Wockhardt Ltd has launched India's first recombinant human insulin (HI) "Wosulin," making India also the first Asian country to develop, manufacture and market the product. Priced at Rs. 129 per 10 ml vial, the Wokhardt's HI is based on the yeast Hansenula Polymorpha. Currently the company is the only manufacturer of recombinant HI using this technology in India .

Apart from the Indian player, Eli Lilly from US, Aventis from Germany and Novo Nordisk from Denmark are the only players marketing the product in the world, with a market of over $ 3 billion. Recently, the MNCs had cut their insulin prices by 35-40 per cent to Rs. 145-Rs. 262 per unit.

Launching the first Indian HI, Habil Khorakhiwala, chairman, Wockhardt, said that
worldwide, there are only three manufacturers of recombinant human insulin (HI) and the company is proud to have put India on the global map.

He added that HI manufactured by this process is identical to human body insulin. This process could synthesize large quantities of HI. Also the possible transmission of infectious diseases into the insulin, which on very few occasions happen with animal insulin, could be avoided here, he said.

"In India so far only Eli Lilly is marketing human insulin. The others Novo Nordisk and Aventis are marketing humanized insulin, which is animal insulin transformed into human insulin by a certain process," said Dr. M.K. Sahib, Director, Genomics and Biotechnology, Wockhardt. Eli Lilly develops its human insulin on E. Coli.

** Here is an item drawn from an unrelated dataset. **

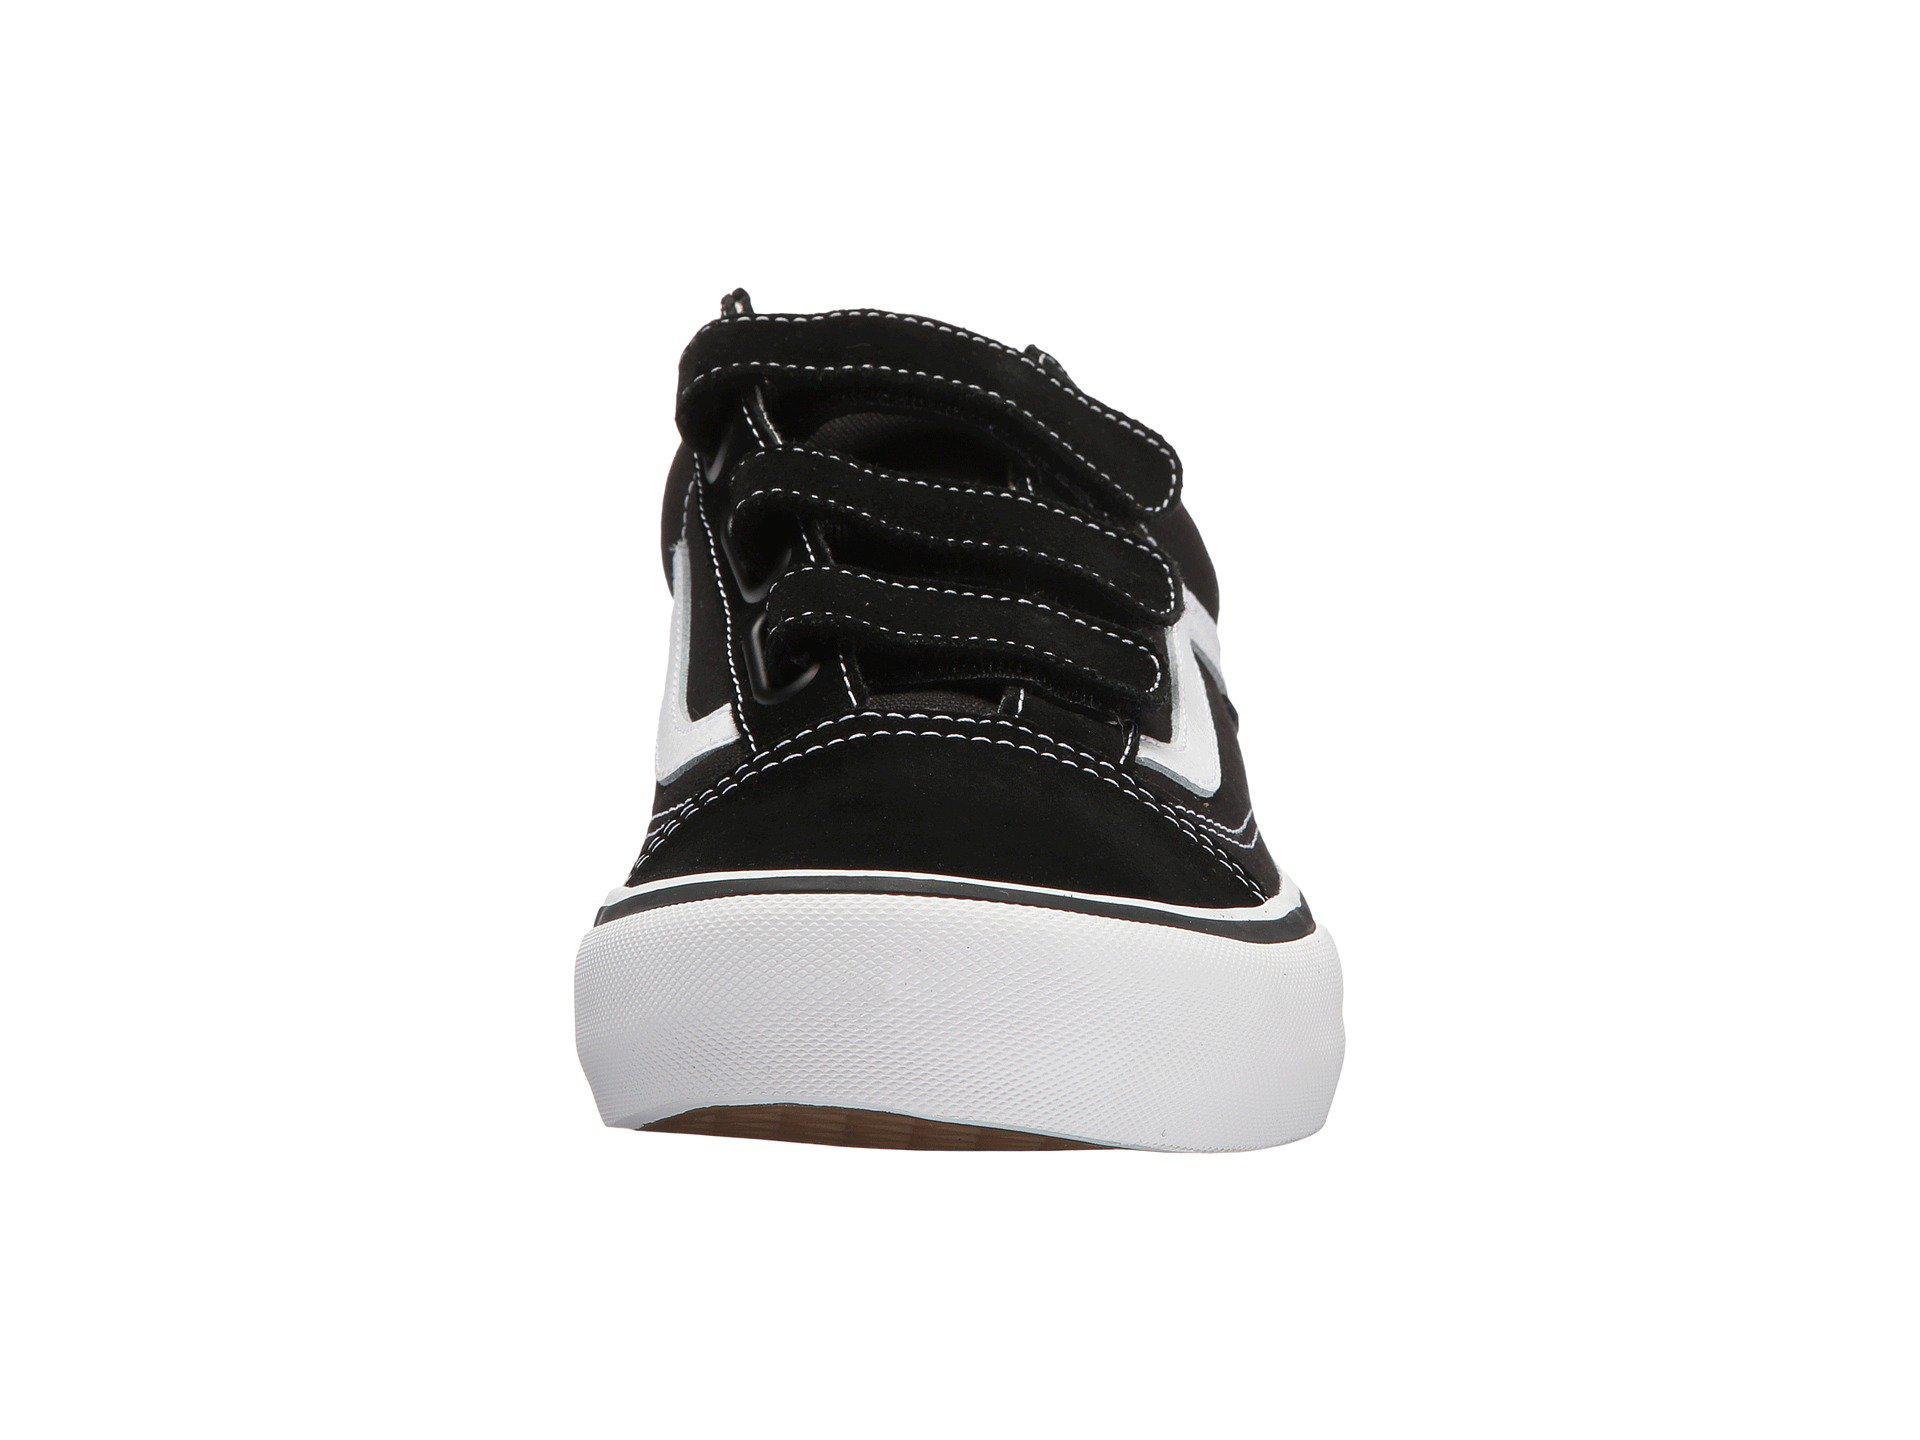 f42f6efe2c9d52 Lyst - Vans Old Skool V Pro (black white) Men s Skate Shoes in Black ...

Current insulin market in the country is Rs. 2,000 crore of which, 90 per cent market is controlled by animal insulin and the balance by human insulin.

Recombinant insulin is made by synthesizing the gene that is responsible for the production of insulin in human pancreas and inserting it into the DNA of a microorganism. When this microorganism multiplies, it makes several copies of the gene. Each microorganism becomes a factory that produces insulin in large quantities. It is now possible to multiply these factories in desired numbers and command each cell to produce the desired product at a precise time.